Given material ::
▽

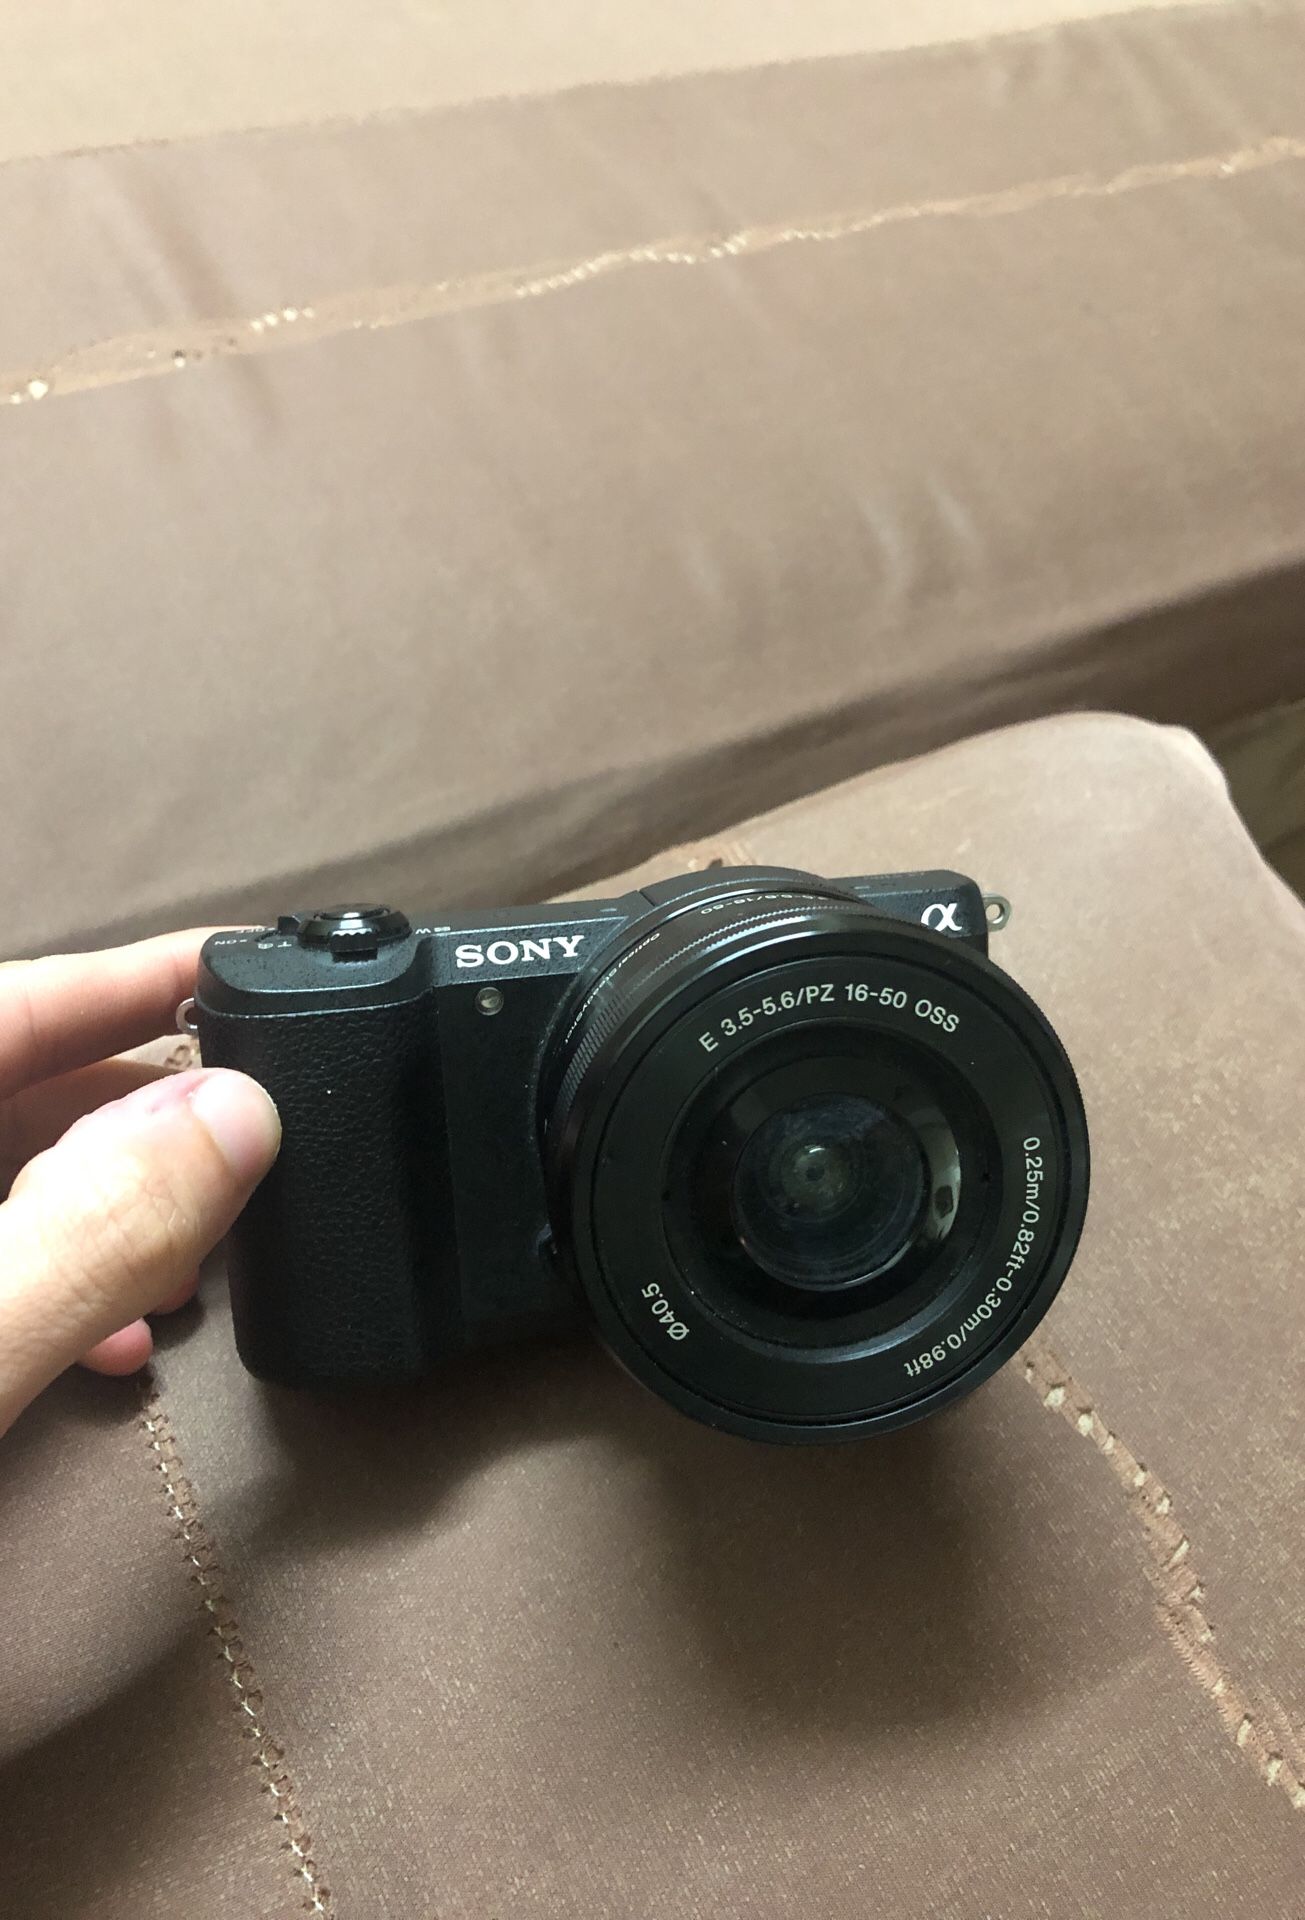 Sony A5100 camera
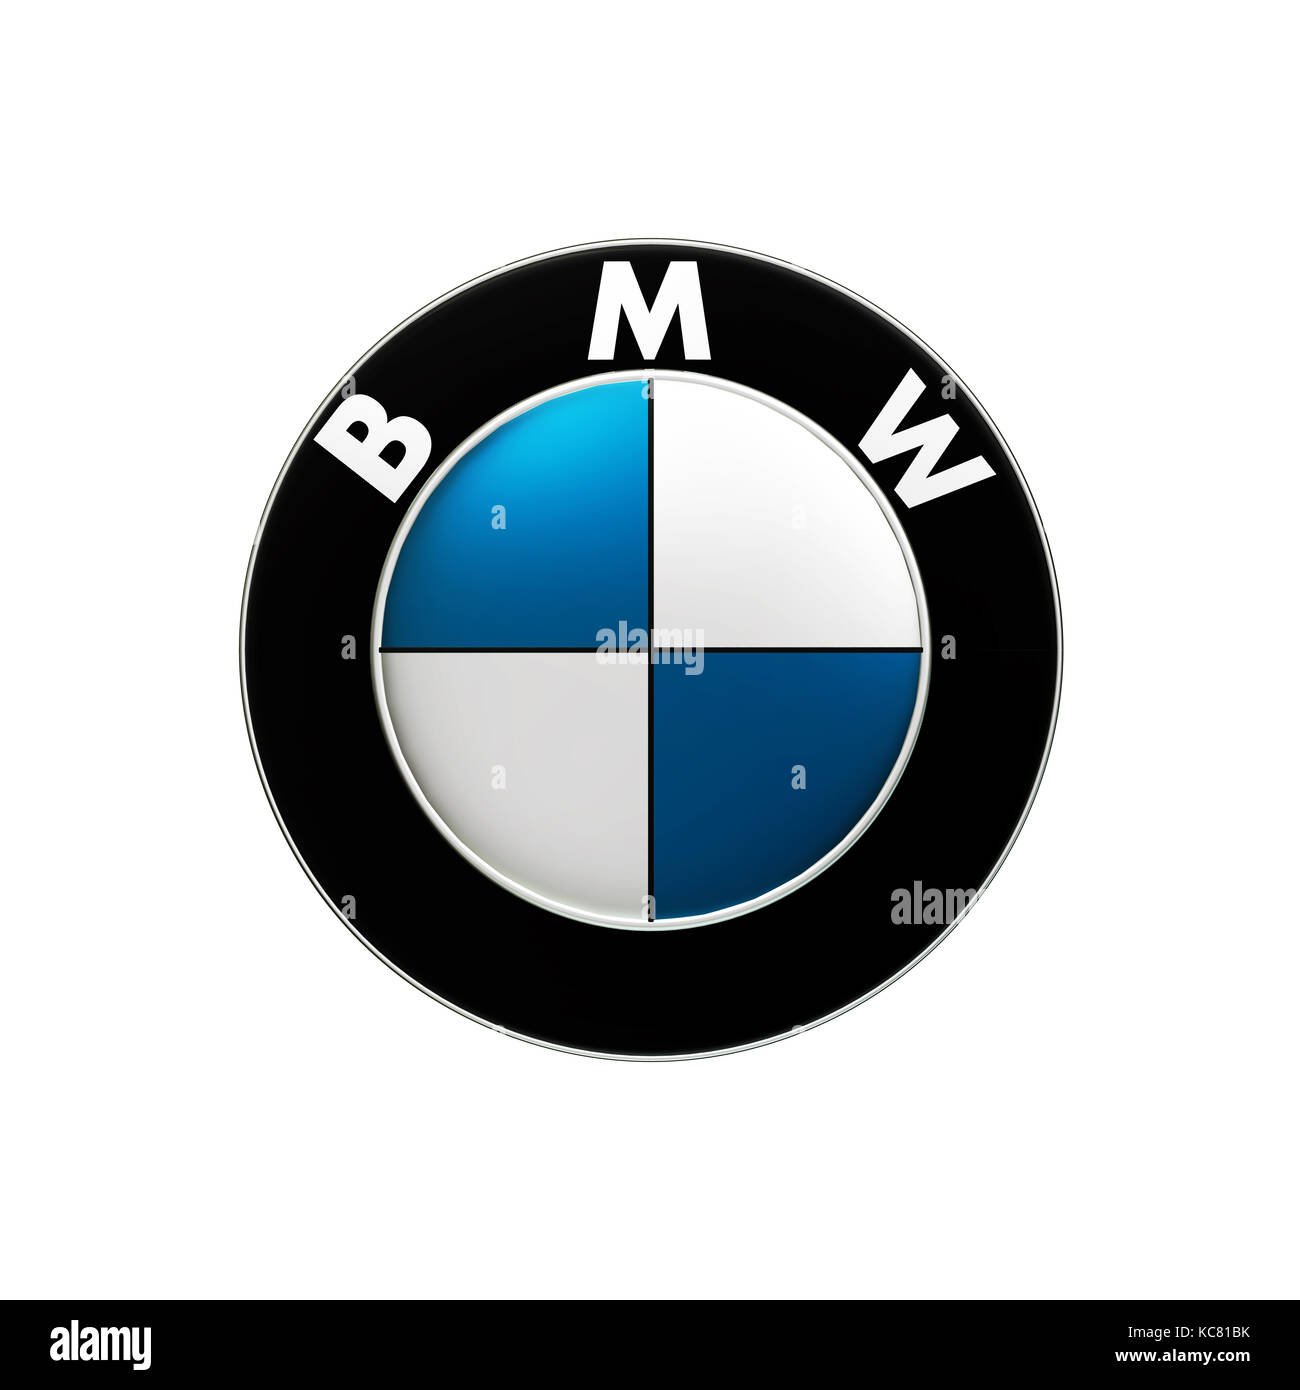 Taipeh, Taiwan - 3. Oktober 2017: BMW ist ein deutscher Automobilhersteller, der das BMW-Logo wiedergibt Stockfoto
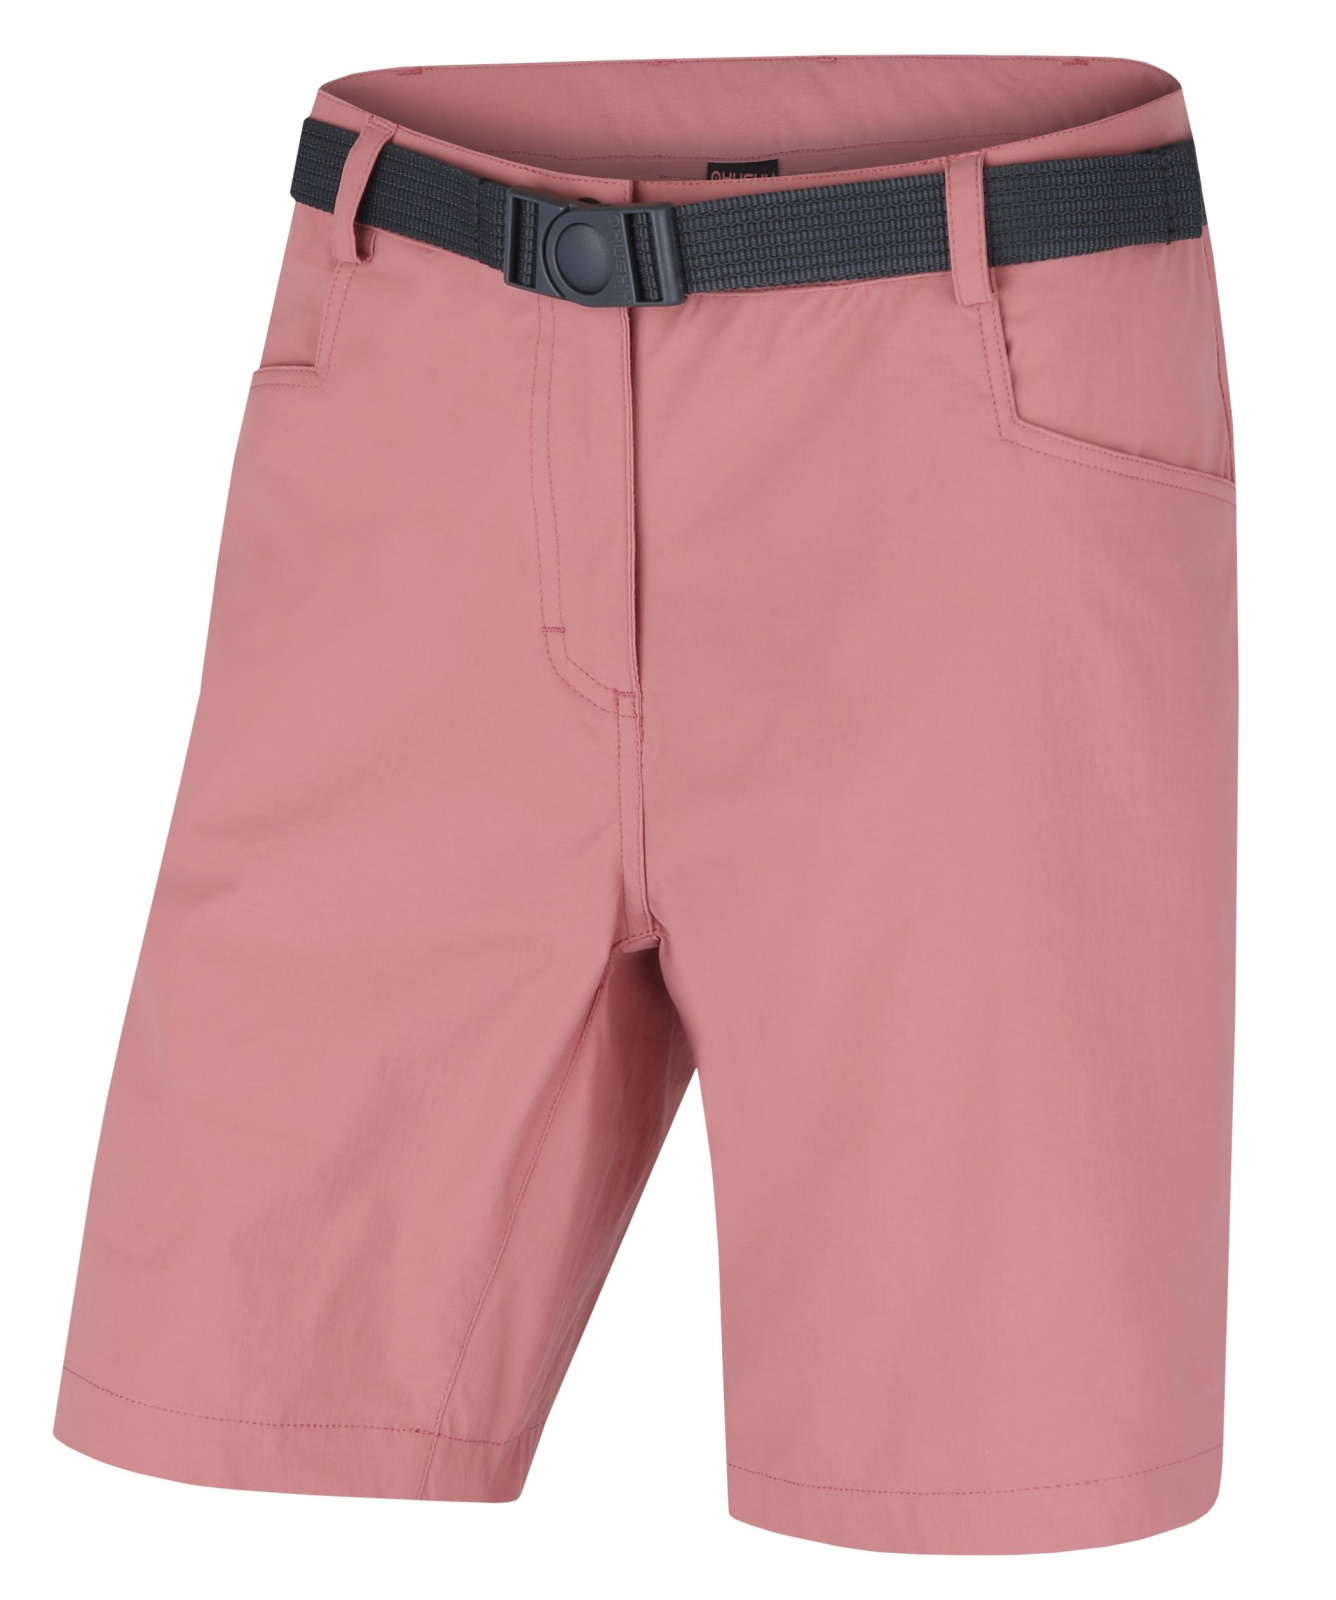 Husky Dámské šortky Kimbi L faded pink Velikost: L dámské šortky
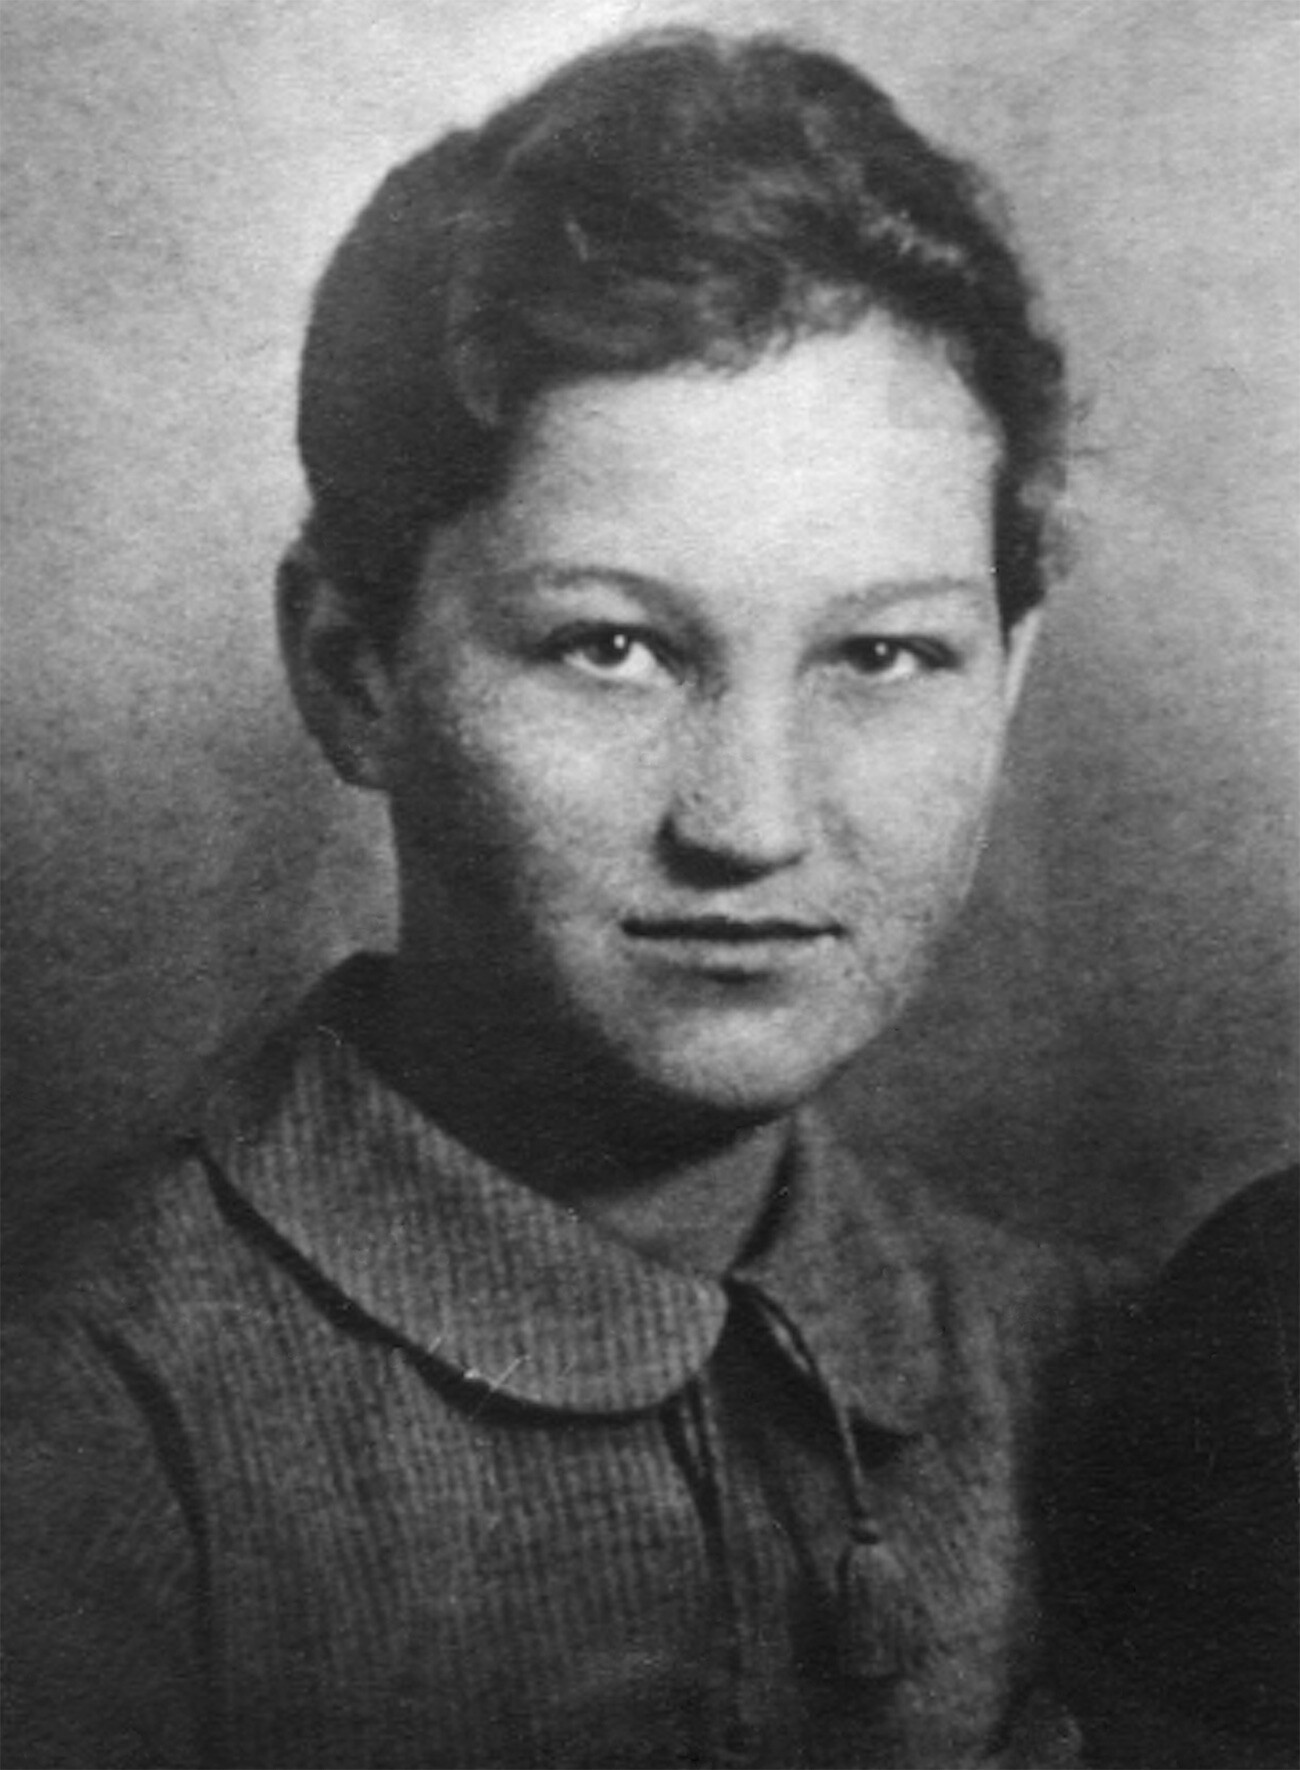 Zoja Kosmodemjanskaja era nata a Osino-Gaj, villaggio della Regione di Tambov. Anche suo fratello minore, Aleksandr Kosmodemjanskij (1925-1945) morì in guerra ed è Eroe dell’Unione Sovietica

△

Description of the task :: Pictures aside, the material must be written out word for word.

Your response ::
 Sony A5100 camera
 Taipeh, Taiwan - 3. Oktober 2017: BMW ist ein deutscher Automobilhersteller, der das BMW-Logo wiedergibt Stockfoto
 Husky Dámské šortky Kimbi L faded pink Velikost: L dámské šortky
 Zoja Kosmodemjanskaja era nata a Osino-Gaj, villaggio della Regione di Tambov. Anche suo fratello minore, Aleksandr Kosmodemjanskij (1925-1945) morì in guerra ed è Eroe dell’Unione Sovietica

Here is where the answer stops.